Data.
********

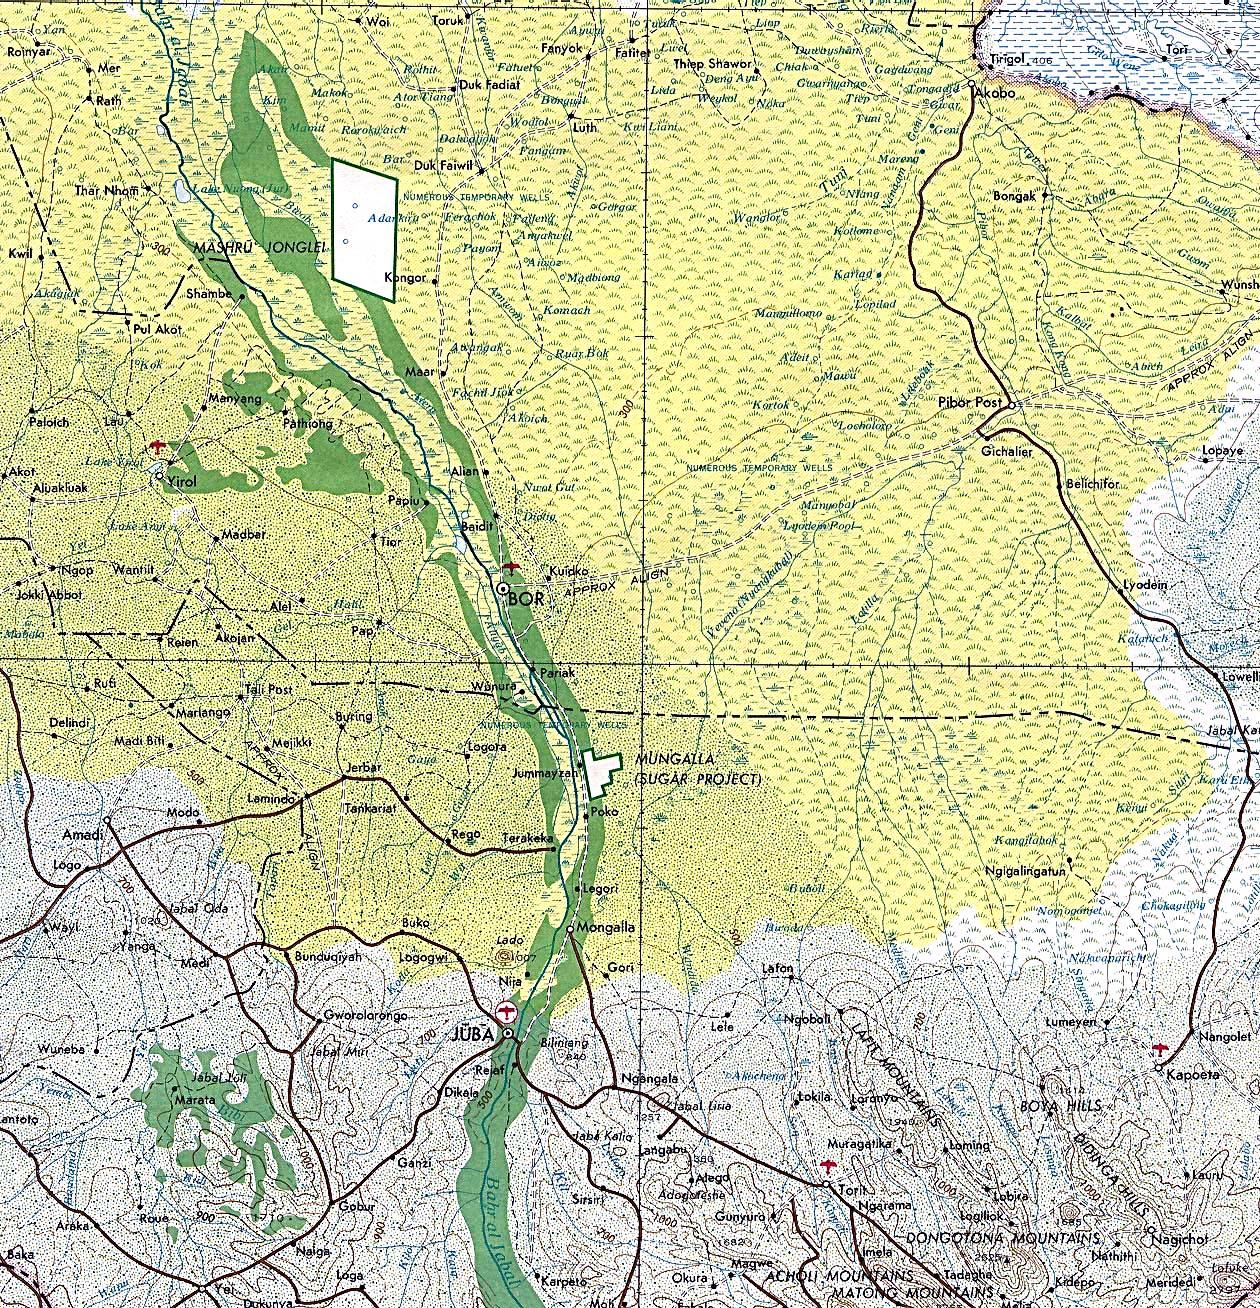 Mapa Topográfico de la Región de Juba, Sudán
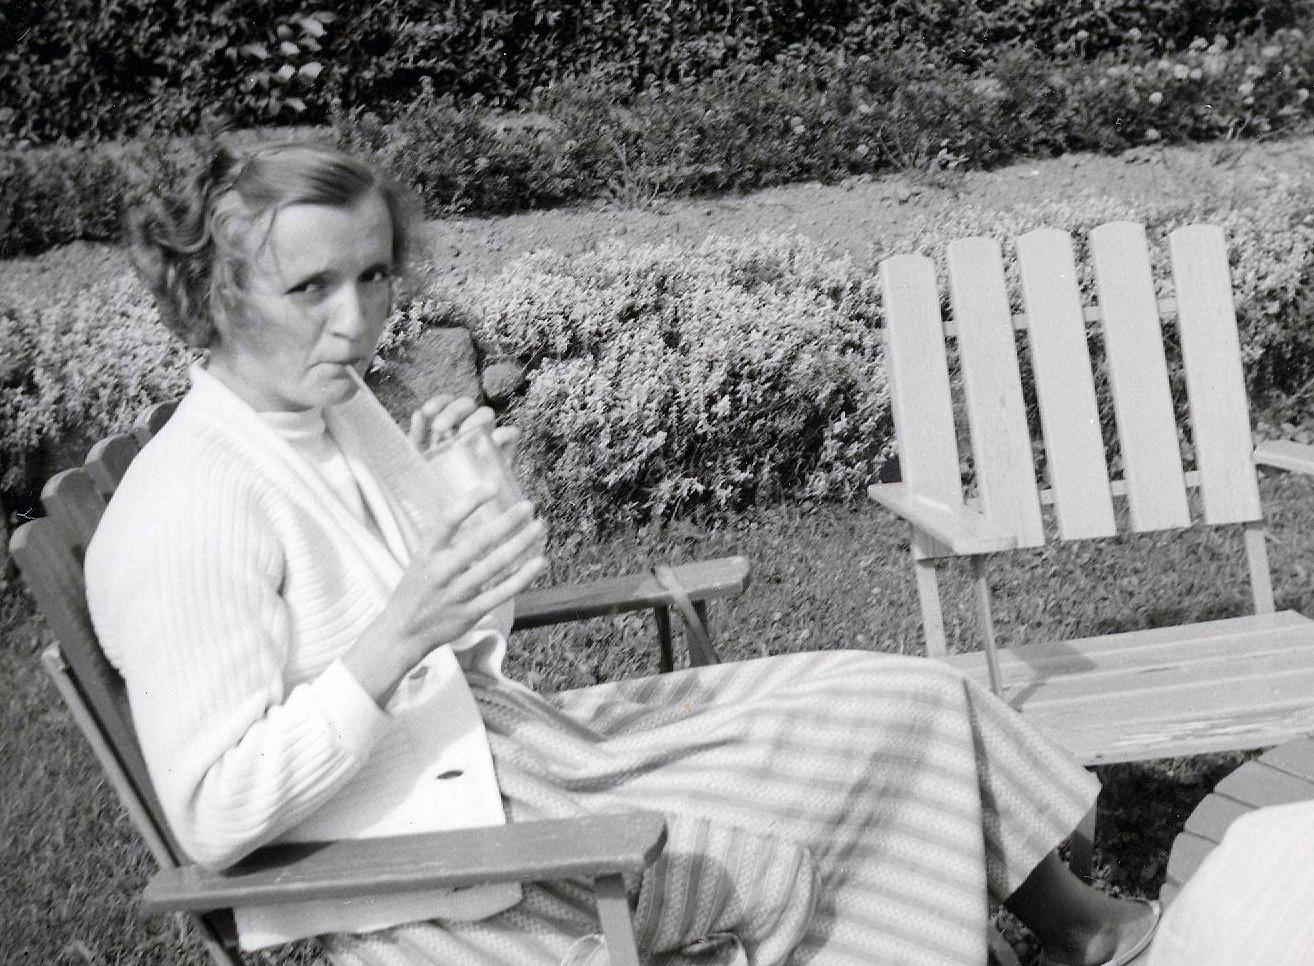 Mamma dricker saft 1959
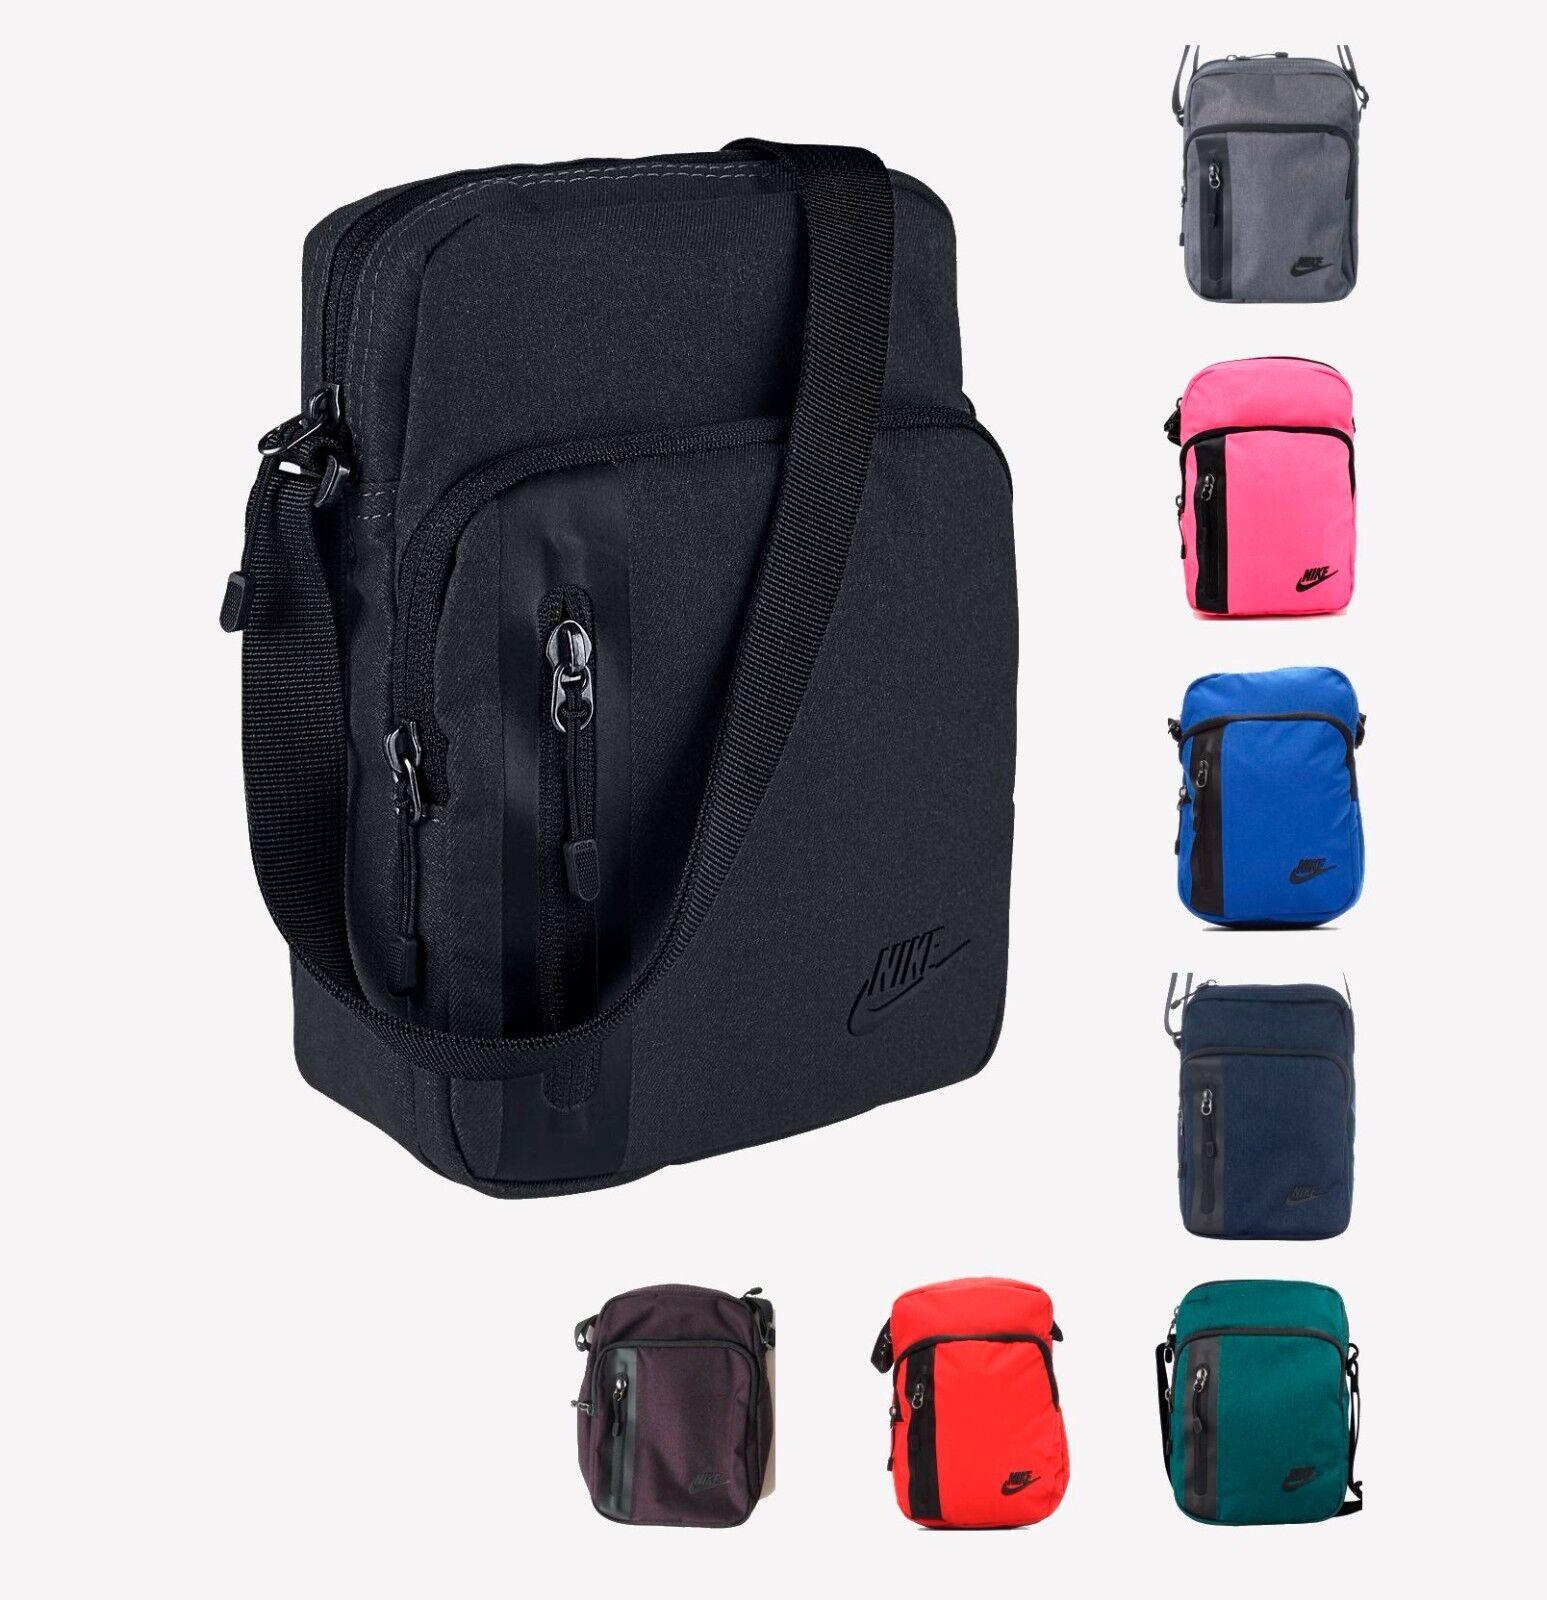 1c33f84c3bc4 Nike Core Small Items 3.0 Messenger Tech Shoulder Bag Black Men Women BA5268  фото

********

What is needed. Repeat the material verbatim but without any of its pictures.

Finished exercise.
 Mapa Topográfico de la Región de Juba, Sudán
 Mamma dricker saft 1959
 1c33f84c3bc4 Nike Core Small Items 3.0 Messenger Tech Shoulder Bag Black Men Women BA5268  фото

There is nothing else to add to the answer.